VALENCIA 20 Feb. (EUROPA PRESS) -
El vicepresidente y portavoz del Consell valenciano, Vicente Rambla, explicó que la Generalitat no tiene el deber de modificar la postura que ha venido manteniendo con relación a los objetores de su sistema educativo, ni con relación a la asignatura de Educación para la Ciudadanía (EpC), hasta que se produzca un pronunciamiento judicial que le obligue a ello, por referirse a algún supuesto que se encuentre en su ámbito de gestión.
Rambla, que se expresó de esta manera en la rueda de prensa posterior al pleno del Consell sobre las consecuencias de las Sentencias del Tribunal Supremo en relación a la materia Educación para la Ciudadanía y los Derechos Humanos en la comunidad, subrayó que estos fallos no afecta al modo de impartición de la materia en la Comunitat en cuanto a la lengua vehicular recogida en la orden que regula EpC.
El portavoz del Consell apuntó que las sentencias analizadas no se refieren a alumnos valencianos y, por tanto, no les afecta porque éstos han recurrido al Tribunal Superior de Justicia de la Comunidad Valenciana que hasta la fecha no ha emitido sentencia.
Asimismo, la Generalitat va a continuar aplicando la normativa vigente de la Orden de 10 de Junio de 2008 por la que se establecen formas de organización pedagógica para impartir la materia Educación para la Ciudadanía y los derechos humanos en ESO.
Así, en el informe, realizado por los servicios jurídicos de Educación, se señalan una serie de conclusiones entre las que destaca que la actuación del Estado en materia educativa tiene como límite la proscripción de adoctrinamiento que sobre él pesa por la neutralidad ideológica a que viene obligado.

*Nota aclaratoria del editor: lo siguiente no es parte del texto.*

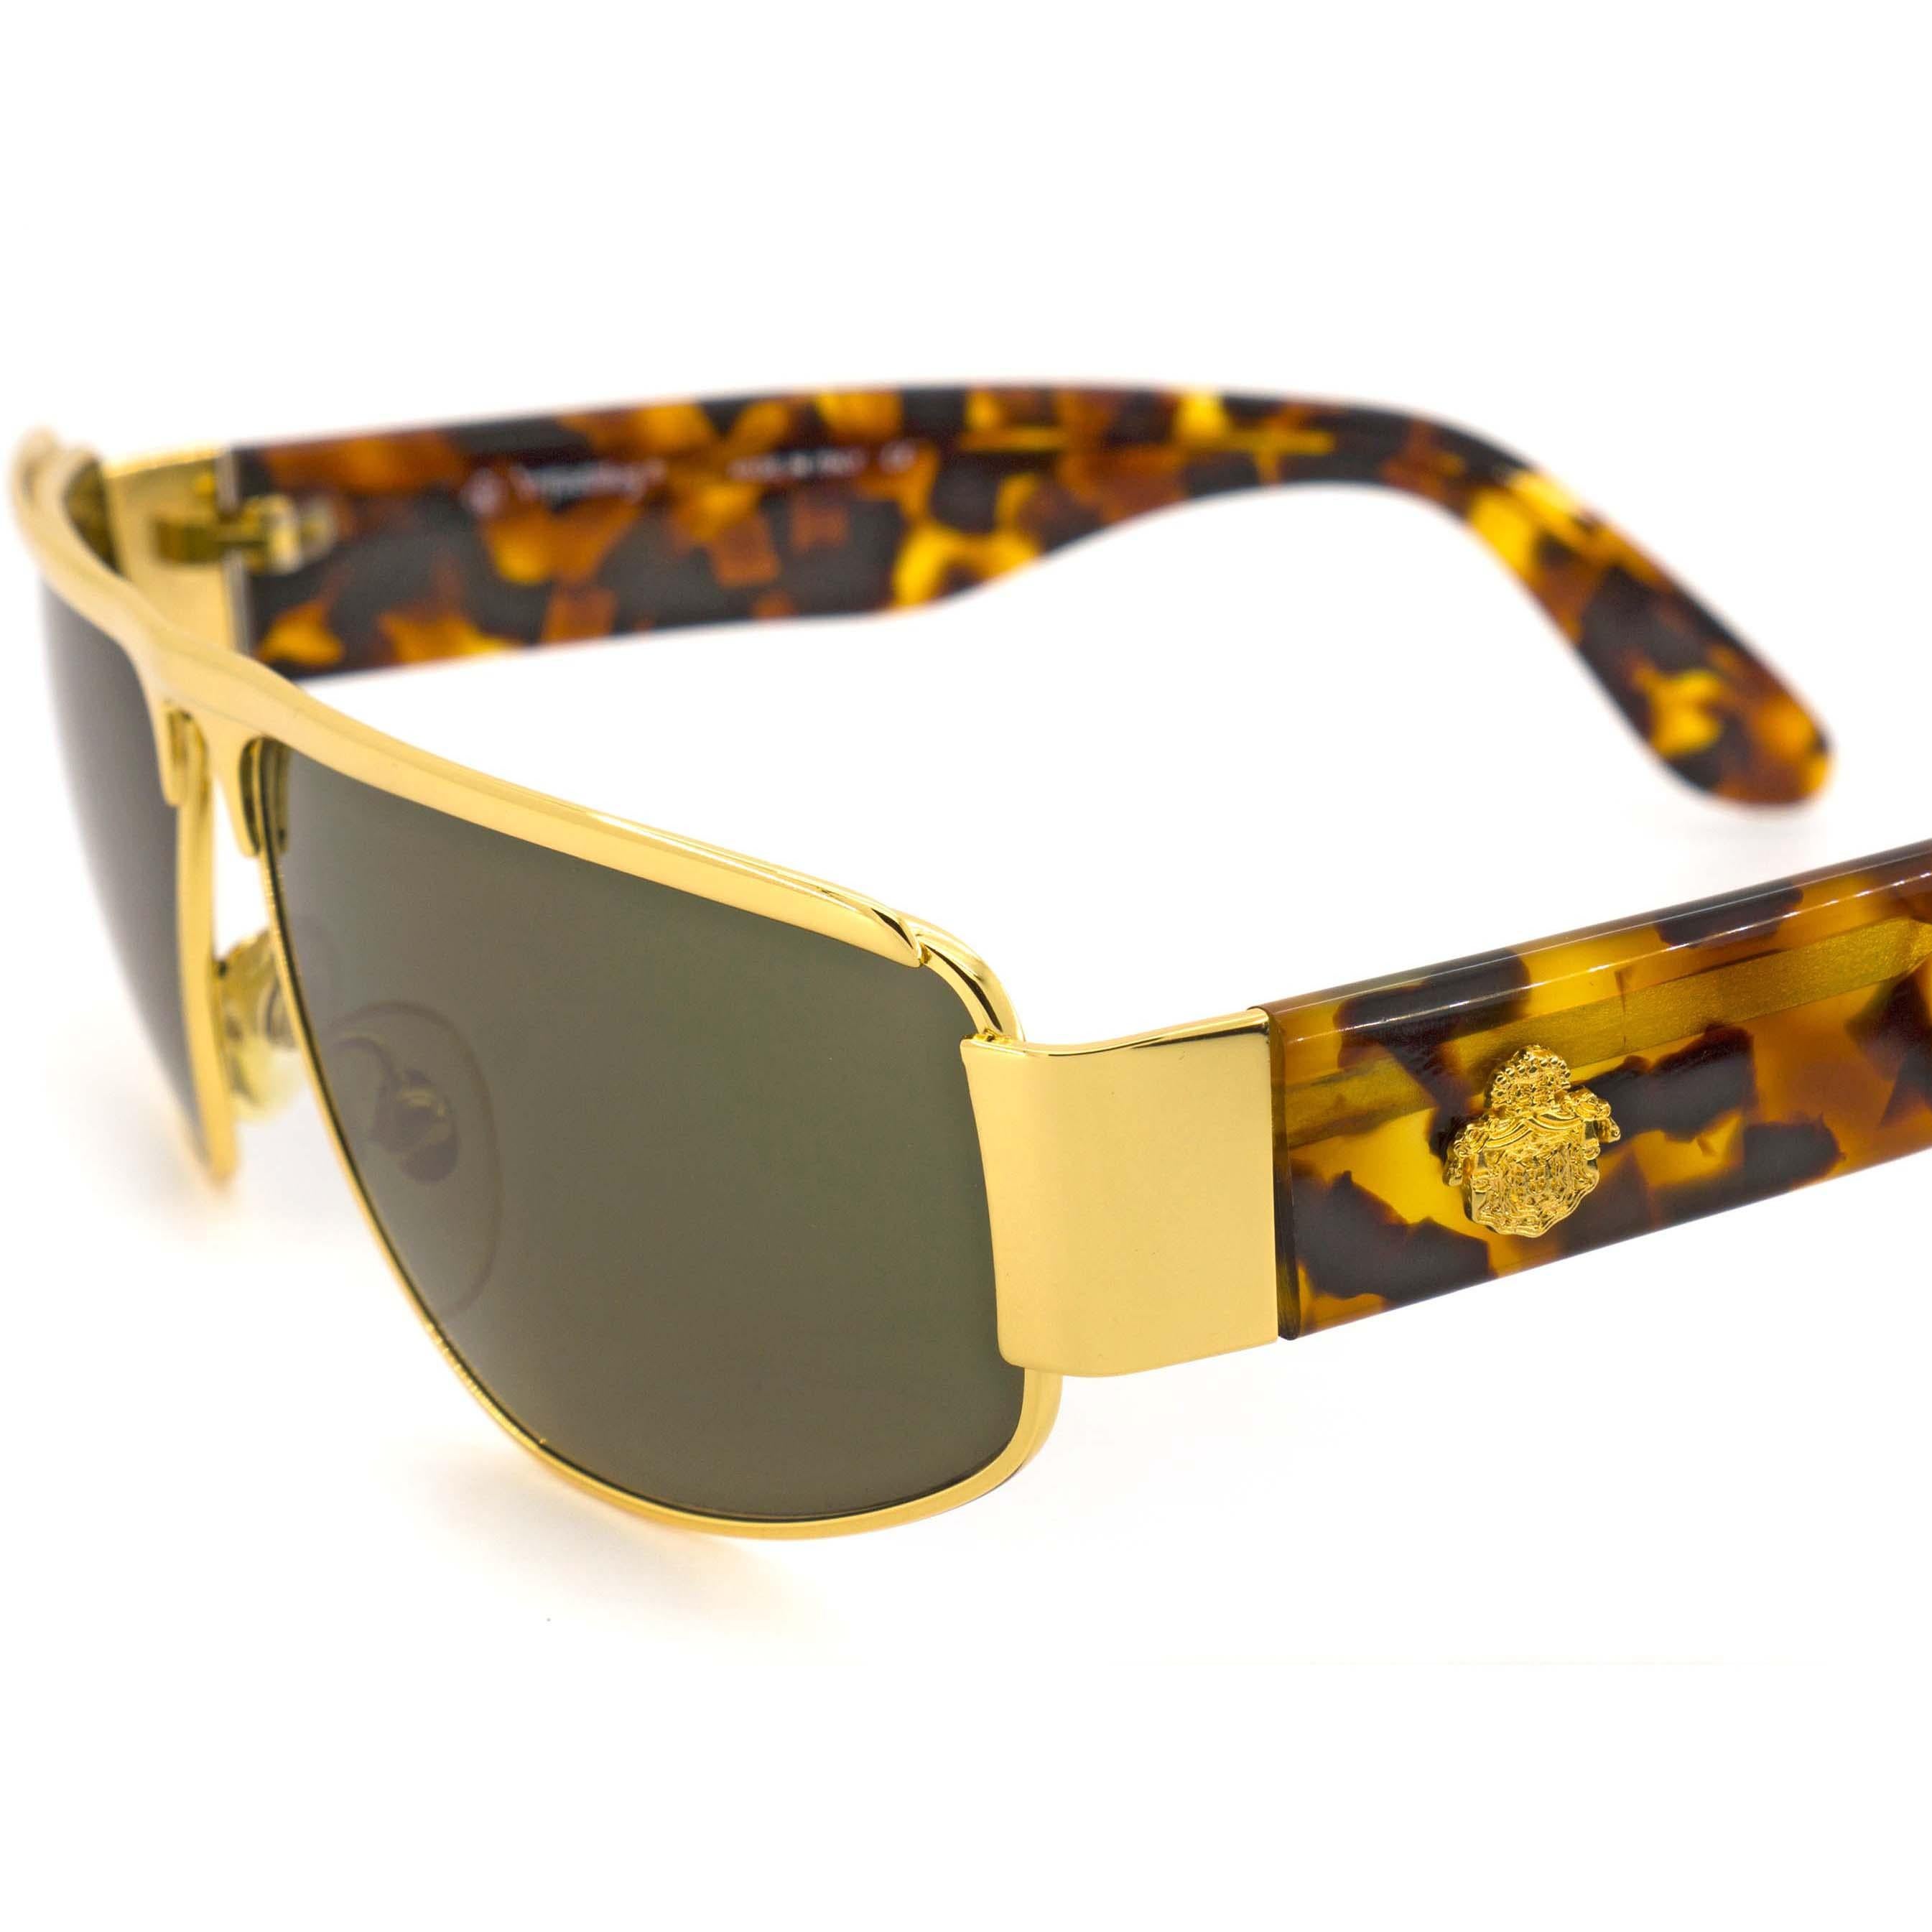 Prince Egon von Furstenberg vintage sunglasses 80s In New Condition For Sale In Santa Clarita, CA

Por ello, será exigible una posición de neutralidad por parte del poder público cuando se esté ante valores distintos de los derechos fundamentales reconocidos en la Constitución (artículos 16.1 y 27.3). Estos otros valores deberán ser expuestos de manera rigurosamente objetiva, con la exclusiva finalidad de instruir o informar sobre el pluralismo realmente existente en la sociedad acerca de determinadas cuestiones que son objeto de polémica.

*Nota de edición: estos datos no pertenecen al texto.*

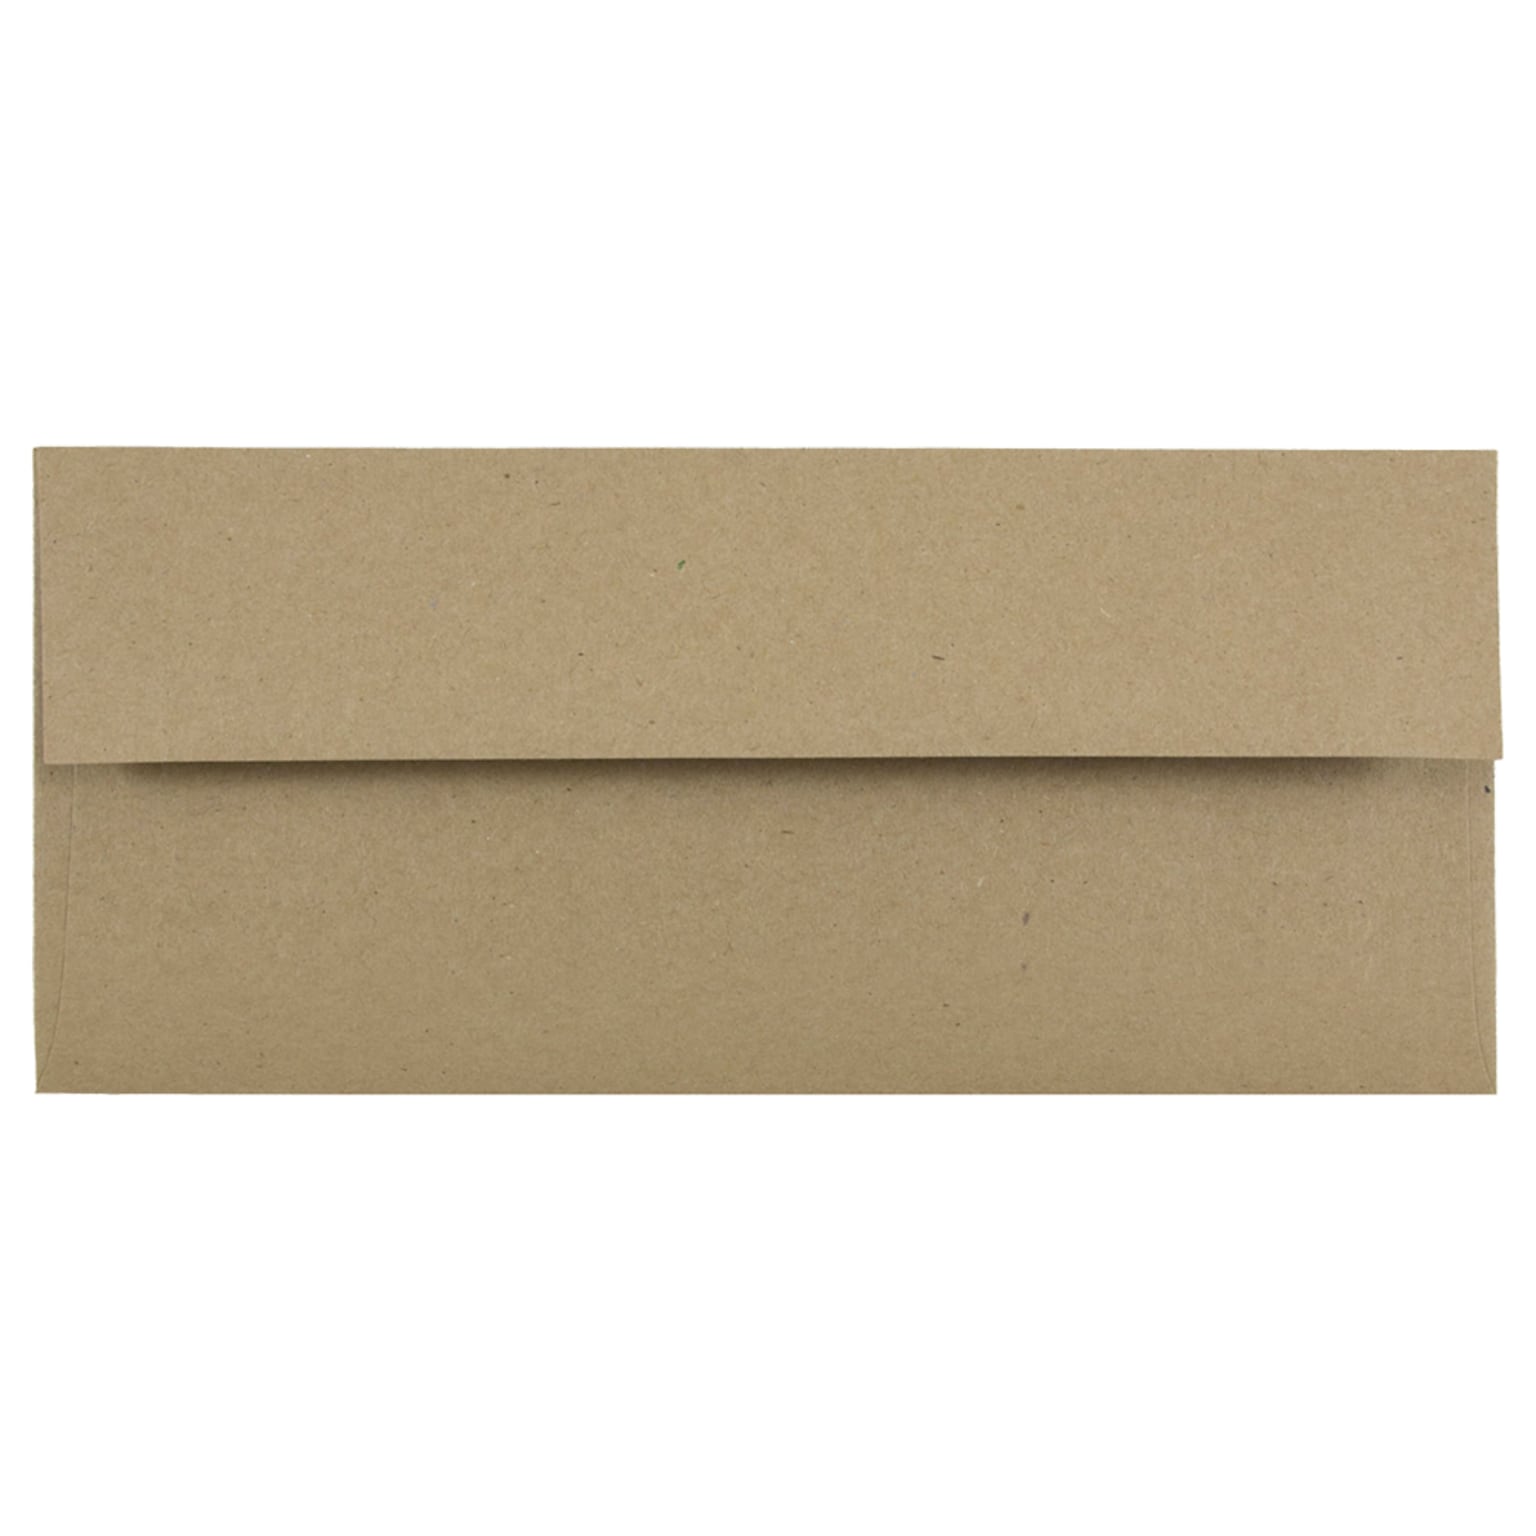 JAM Paper Open End #10 Business Envelope, 4 1/8 x 9 1/2, Brown Kraft, 50/Pack (6314842I)

Sin embargo, dentro del espacio propio de lo que sean planteamientos ideológicos, religiosos y morales individuales, en los que existan diferencias y debates sociales, la enseñanza se debe limitar a exponerlos e informar sobre ellos con neutralidad, sin ningún adoctrinamiento, para, de esta forma, respetar el espacio de libertad consustancial a la convivencia constitucional. También se concluye del contenido de las sentencias que el deber jurídico de cursar la materia EpC es un deber jurídico válido.
Las sentencias insisten en que el hecho de que la materia EpC sea ajustada a derecho y que el deber jurídico de cursarla sea válido no autoriza a la Administración educativa --ni tampoco a los centros docentes, ni a los concretos profesores-- a imponer o inculcar, ni siquiera de manera indirecta, puntos de vista determinados sobre cuestiones morales que en la sociedad española son controvertidas.

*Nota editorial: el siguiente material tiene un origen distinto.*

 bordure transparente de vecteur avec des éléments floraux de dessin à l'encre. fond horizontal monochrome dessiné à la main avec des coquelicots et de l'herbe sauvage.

Cuando las normas reguladoras de los contenidos así como, en particular, cuando proyectos, textos o explicaciones incurran en propósitos desviados de los fines de la educación, ese derecho fundamental de los padres, reconocido en el art 27.3 CE, les hace acreedores de la tutela judicial efectiva, preferente y sumaria que han de prestarles los Tribunales de lo Contencioso Administrativo, los cuales habrán de utilizar decididamente, cuando proceda, las medidas cautelares previstas en la Ley de la Jurisdicción para asegurar que no pierdan su finalidad legítima los recursos que se interpongan.
Por último, Rambla pidió un esfuerzo de diálogo al Gobierno central y que se reúna con la comunidad educativa y con las comunidades autónomas, para alcanzar un pacto sobre unos nuevos contenidos que eviten cualquier adoctrinamiento que pueda transgredir la libertad de los padres.